Monday, January 19, 2009

SugarBird reviewed by Rich Gordon

Paul Reddick
Northern Blues
12 tracks

Who is Paul Reddick, and why is he making such great music? Paul is devoted to early American music. He learned by listening to the blues masters: Muddy Waters, Sonny Boy Williamson, and Howlin’ Wolf. He is a master of the harmonica. He absorbed early country and jazz; he is a musical cornucopia. In 1990, he formed the groundbreaking blues band The Sidemen in Toronto releasing three albums of original material. He spent 10 years on the road sharing his music with live audiences. He has been nominated for W.C. Handy Awards and Juno Awards. The band also won three Maple Blues Awards in 2002, including Songwriter of the Year and Album of the Year. His music has been used in television shows, movies, and his song “I’m a Criminal” was used in a Coca Cola commercial.

Who are the players that make this CD so good? Garth Hudson of the Band provides the accordion. Hutch Hutchinson from LA is one of the bass players. Nashville drummer Bryan Owings is there along with Cary Craig on drums and John Dymond on bass. Chris Carmichael and Darrell Leonard help to arrange and are heard on strings and trumpet. Colin Linden, who is the leader of the Emmylou Harris band, is on guitar and he produced the CD. Colin is an acclaimed producer/blues musician in his own right.

The songs on this CD are blues based but not necessarily blues structured. The music textured and layered. There are so many nuances adding to the beauty of this composition of songs. You have to listen, and you will hear. It’s all here, from blues folk, to gut bucket, big band, cabaret and jazz.

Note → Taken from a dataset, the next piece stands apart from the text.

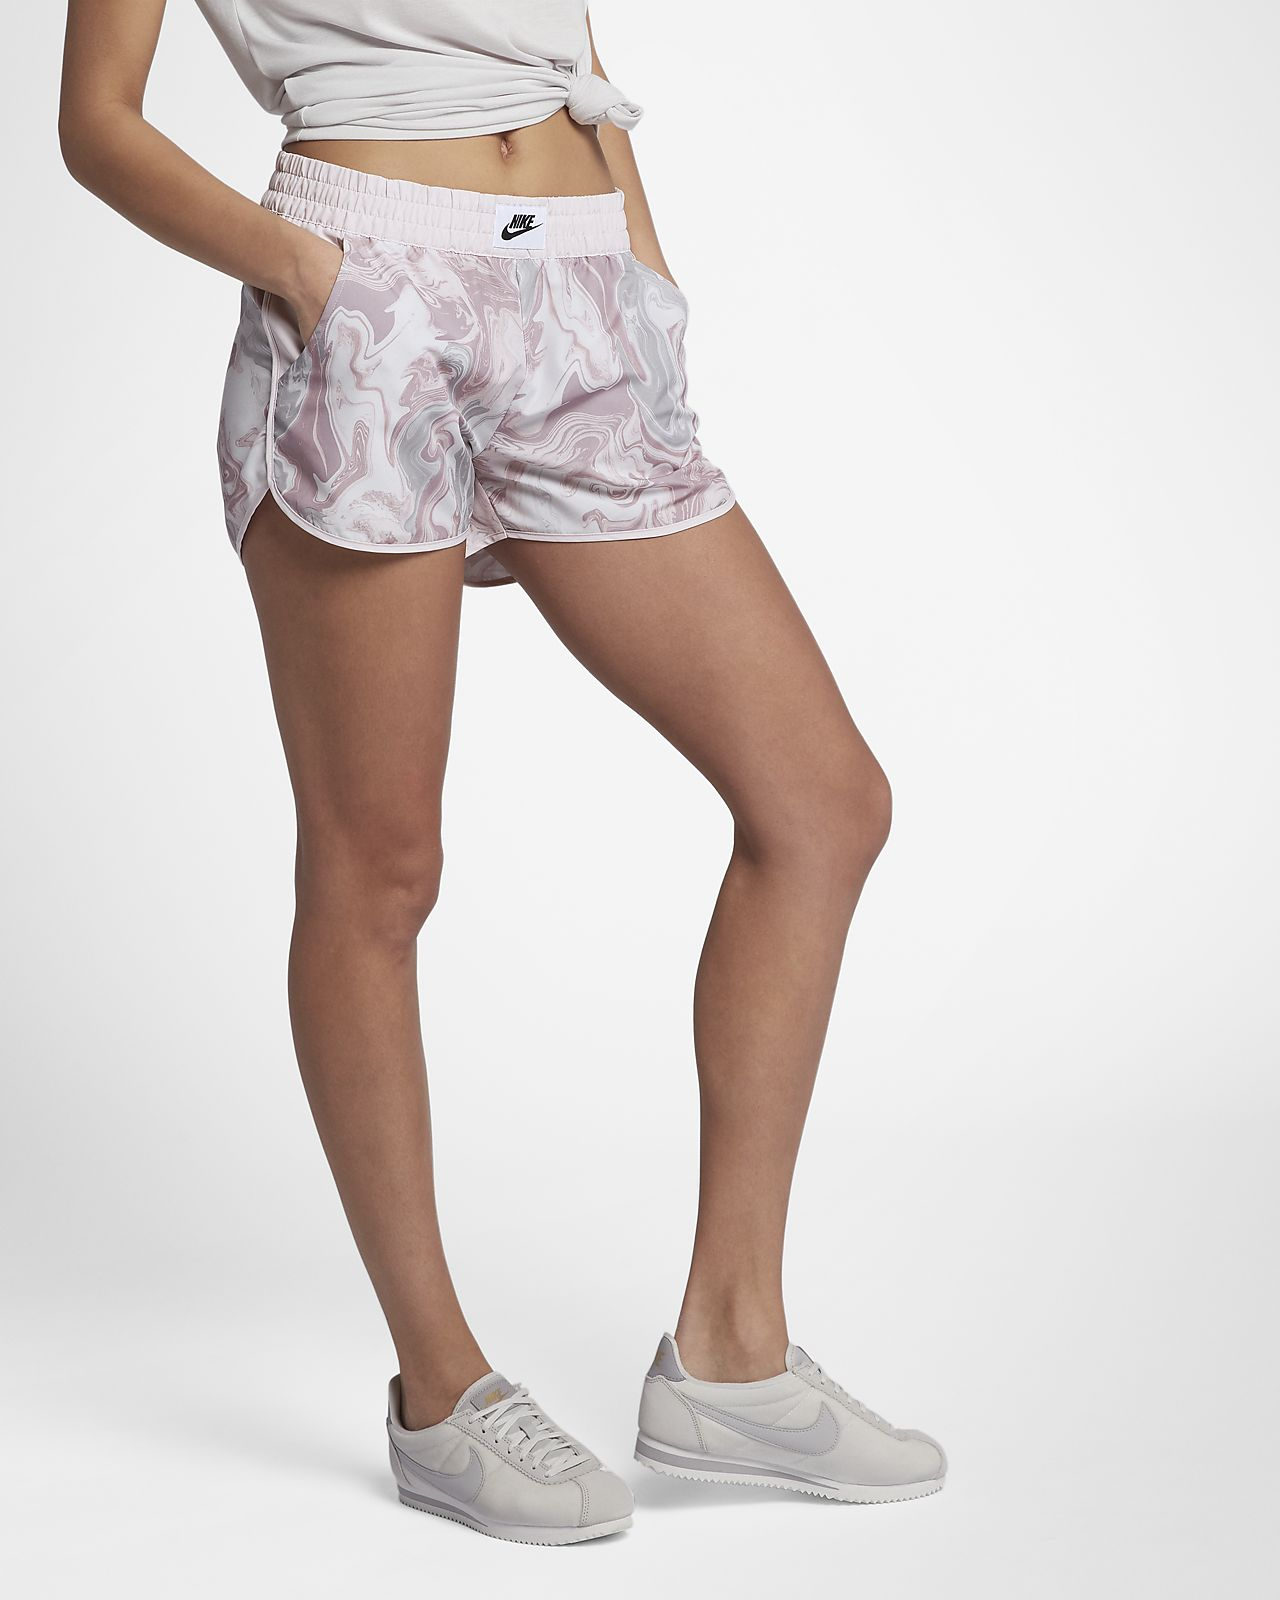 Nike FemmeMa Tissé Sportswear Imprimé Short Pour qMpSGLUzV

Let’s take look at the songs. The CD opens with “Morning Bell,” an uptempo tune reminiscent of Mississippi John Hurt. Next up is I “Will Vanish,” a haunting song with phased vocals, featuring a studio mix of layered instruments. “Devilment” is a down in the basement, gut bucket, edgy song. “Blue Wings” is a sparse composition about the sugar bird, again the layered sound tastefully done. “John Lennon in New Orleans” recalls 1959 hit “Sleepwalk” by Santo and Johnny. “It’s Later Than You Think” is a big band romp from the style of Louis Jordan or Cab Calloway. “Breathless Girls” is another simple effort, with some excellent horn and string arrangements. “Wishing Song” is Paul, Colin and Garth providing another simple composition featuring Garth’s accordion and Colin’s 12-string guitar along with Paul’s vocals. “Every Temptation” rings of the Stones country sound only a bit smoother. “Climbing Up The Hill” is a thoughtful song presented in a simple form, once again featuring Garth Hudson’s sweet accordion. “If By Then” is another haunting gem of studio mix and layered sounds. The CD closes out with “Block of Wood,” a down in the bottom blues stomp.

I highly recommend this CD. It is not blues in the strict sense of structure and sound; it is blues based. It is a musical journey that is a melding of different sounds and styles, tastefully done as only Paul Reddick could do.